╔══
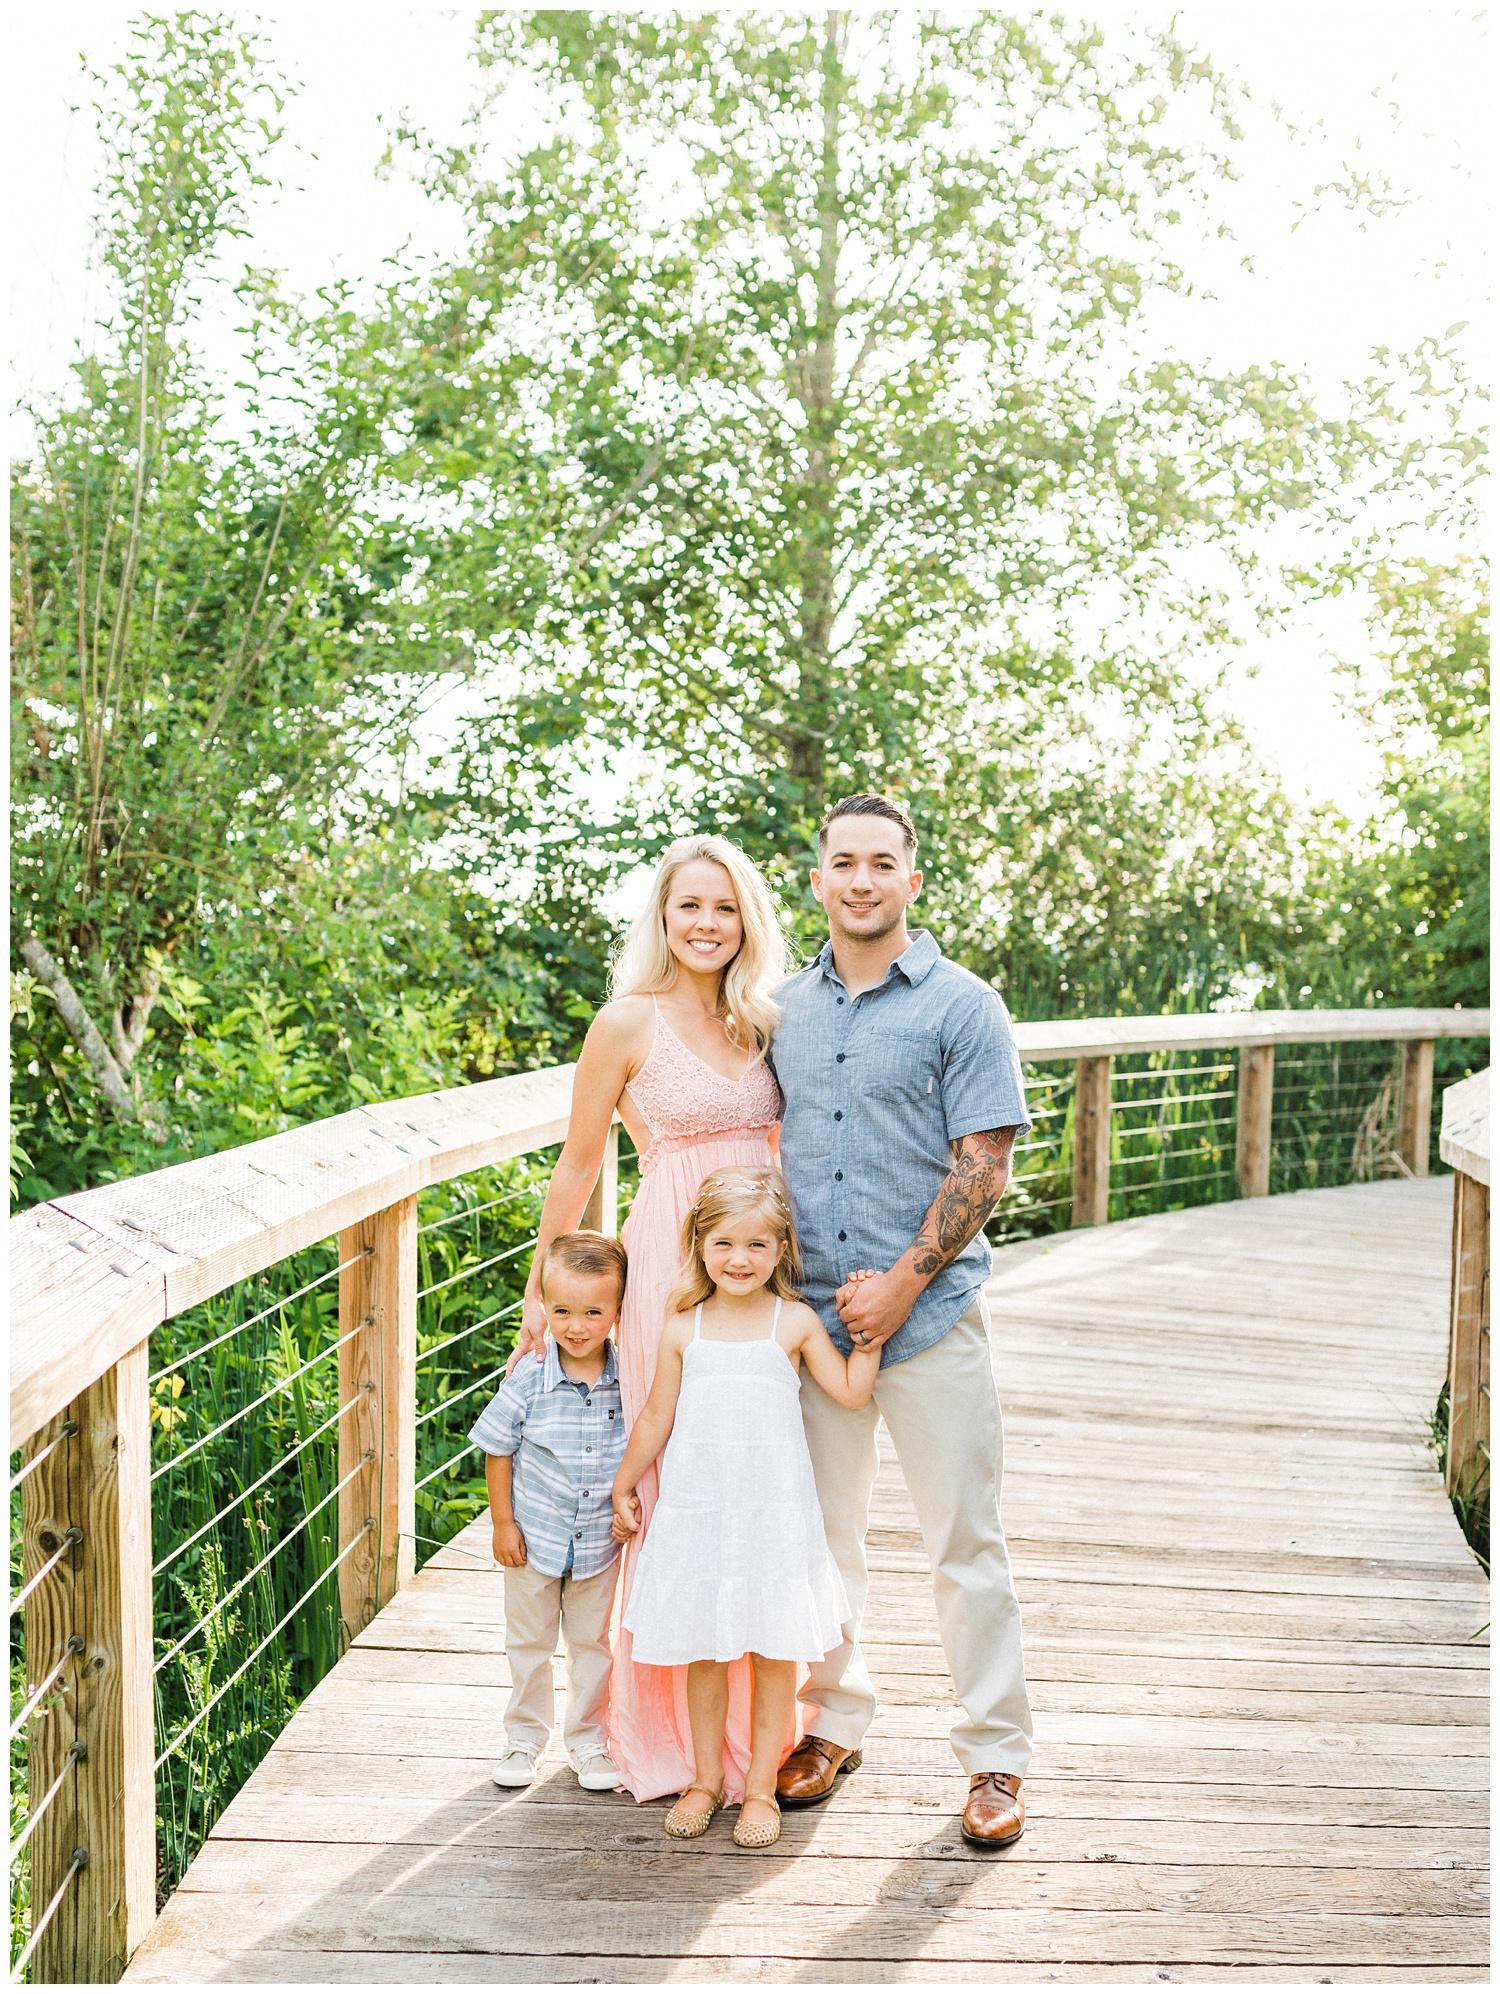 washginton-family-photographer_001.jpg
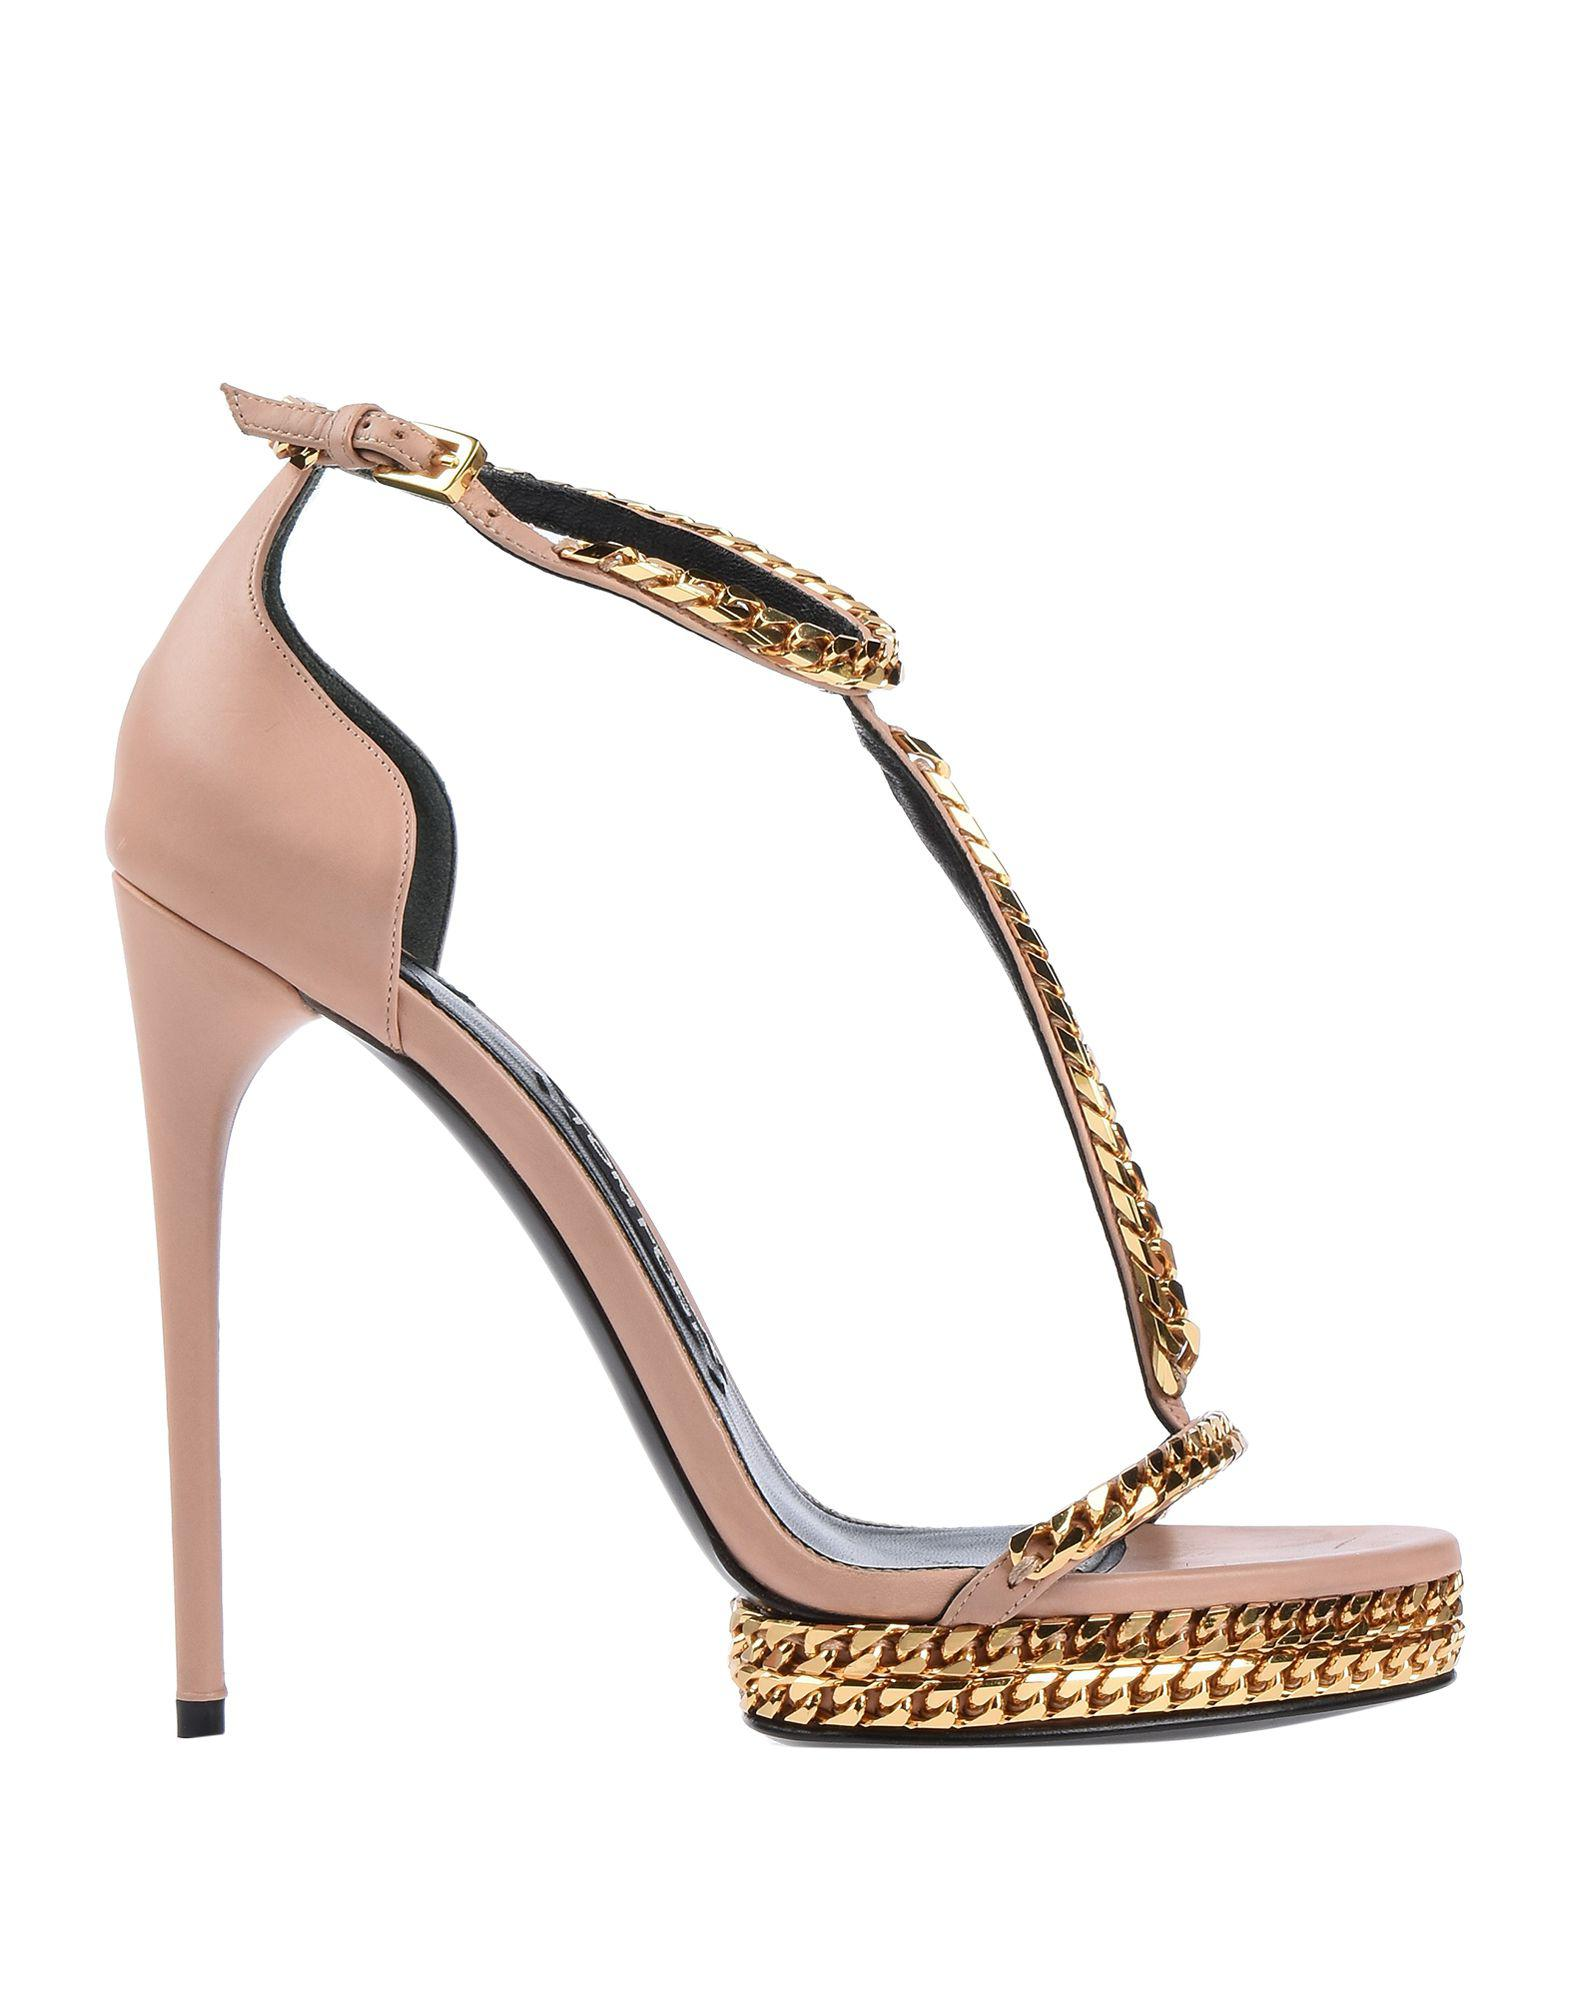 9fca81cf1e7 Tom Ford. Women s Sandals
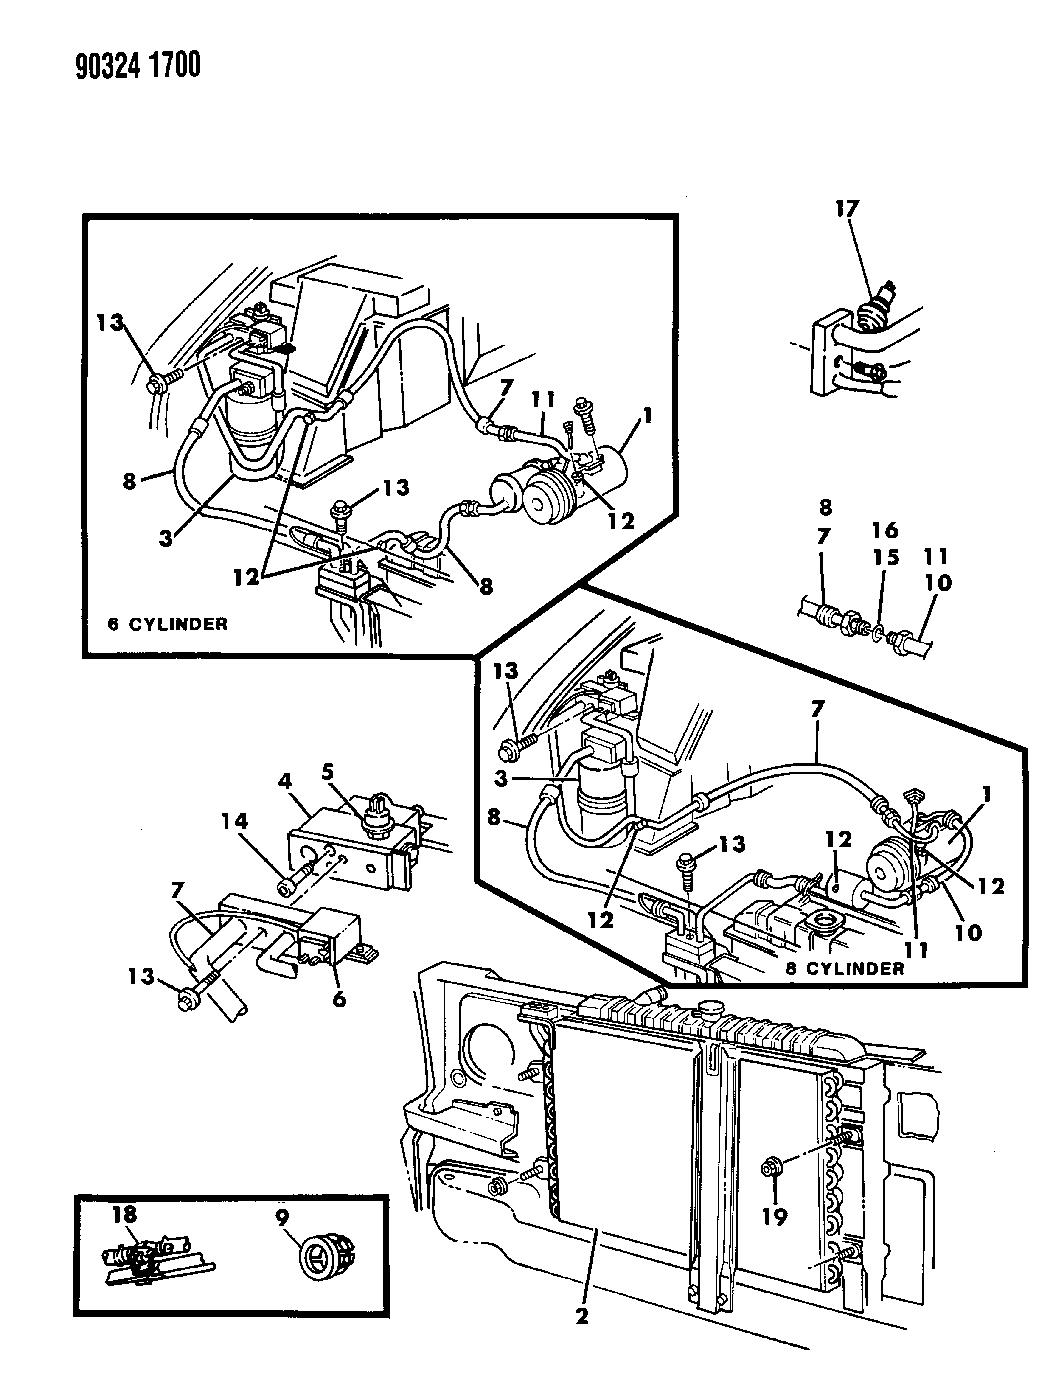 1992 Dodge Parts Diagram Wiring Diagrams Connection Connection Miglioribanche It
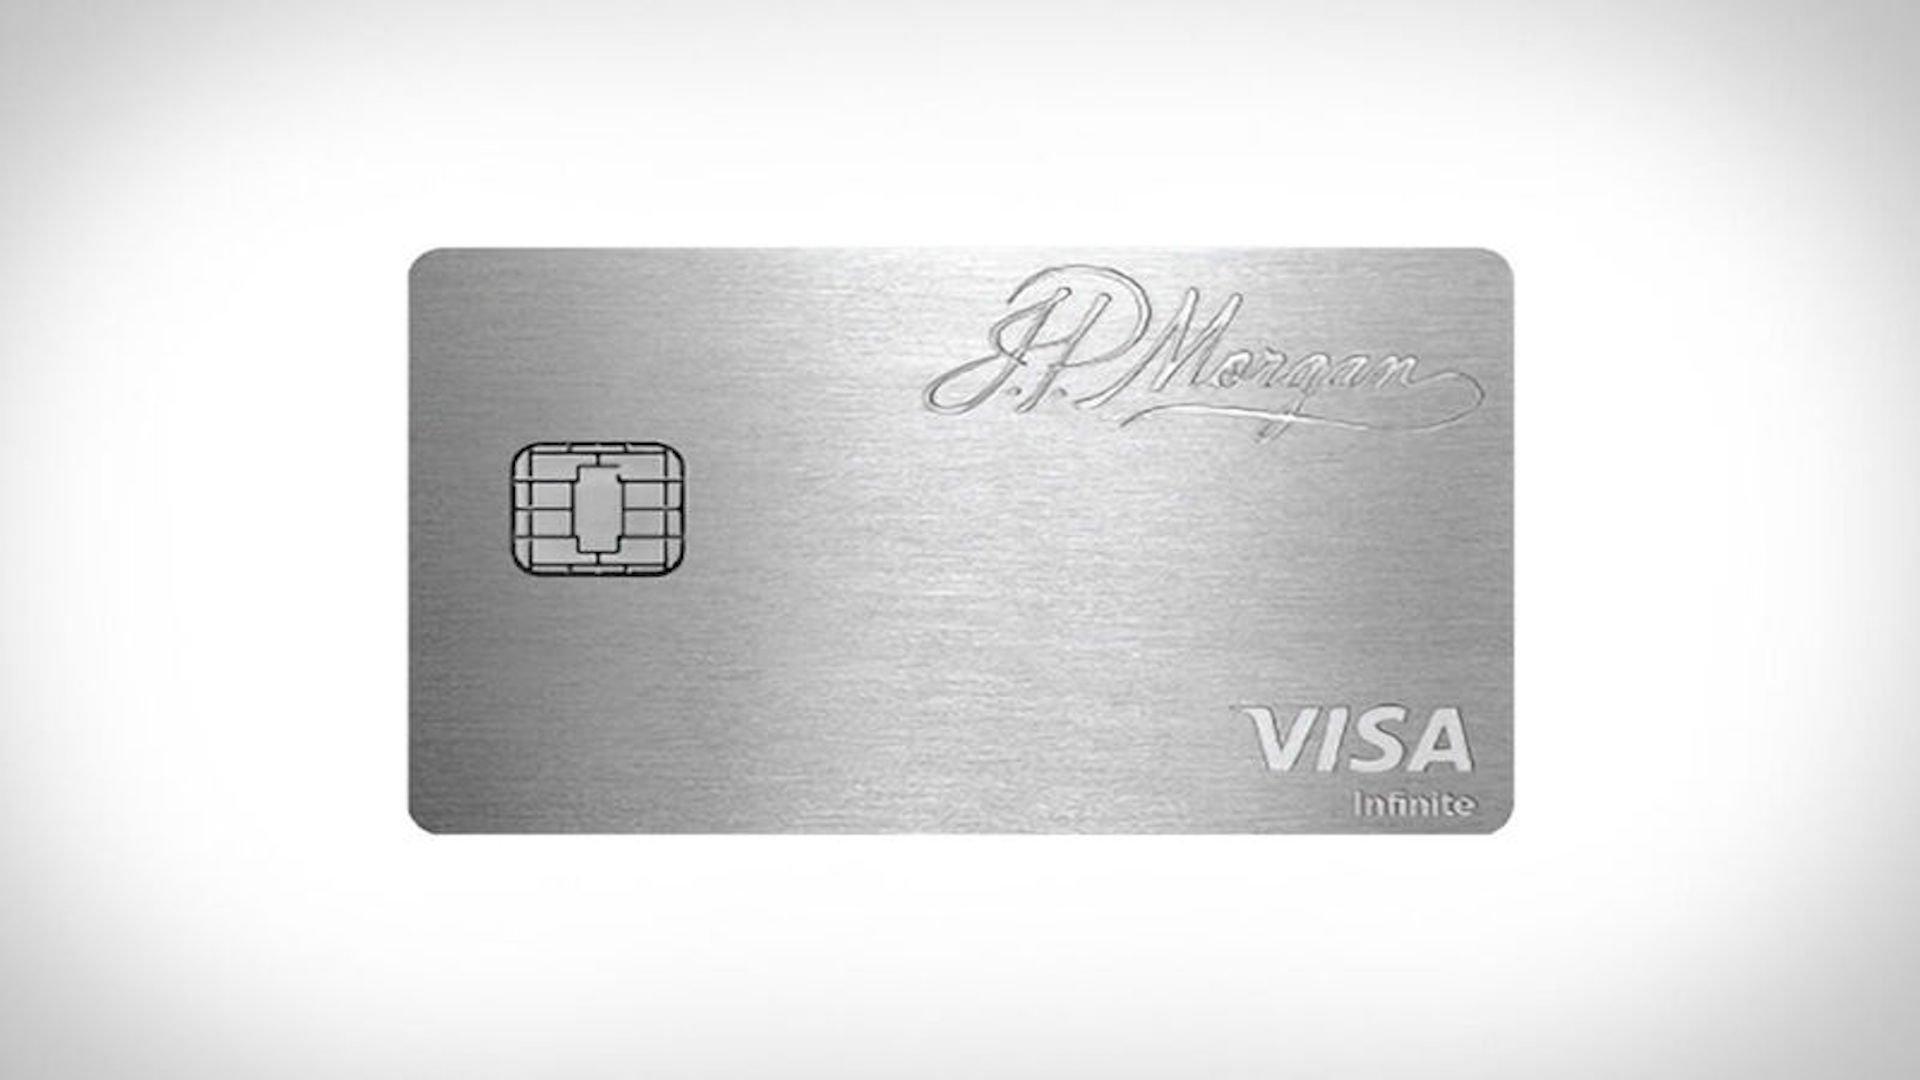 JP Morgan Chase Reserve Card
╚══
EXERCISE DETAILS:
Could you copy the data above exactly, leaving the pictures out?

ANSWER SPACE:
 washginton-family-photographer_001.jpg
 9fca81cf1e7 Tom Ford. Women s Sandals
 1992 Dodge Parts Diagram Wiring Diagrams Connection Connection Miglioribanche It
 JP Morgan Chase Reserve Card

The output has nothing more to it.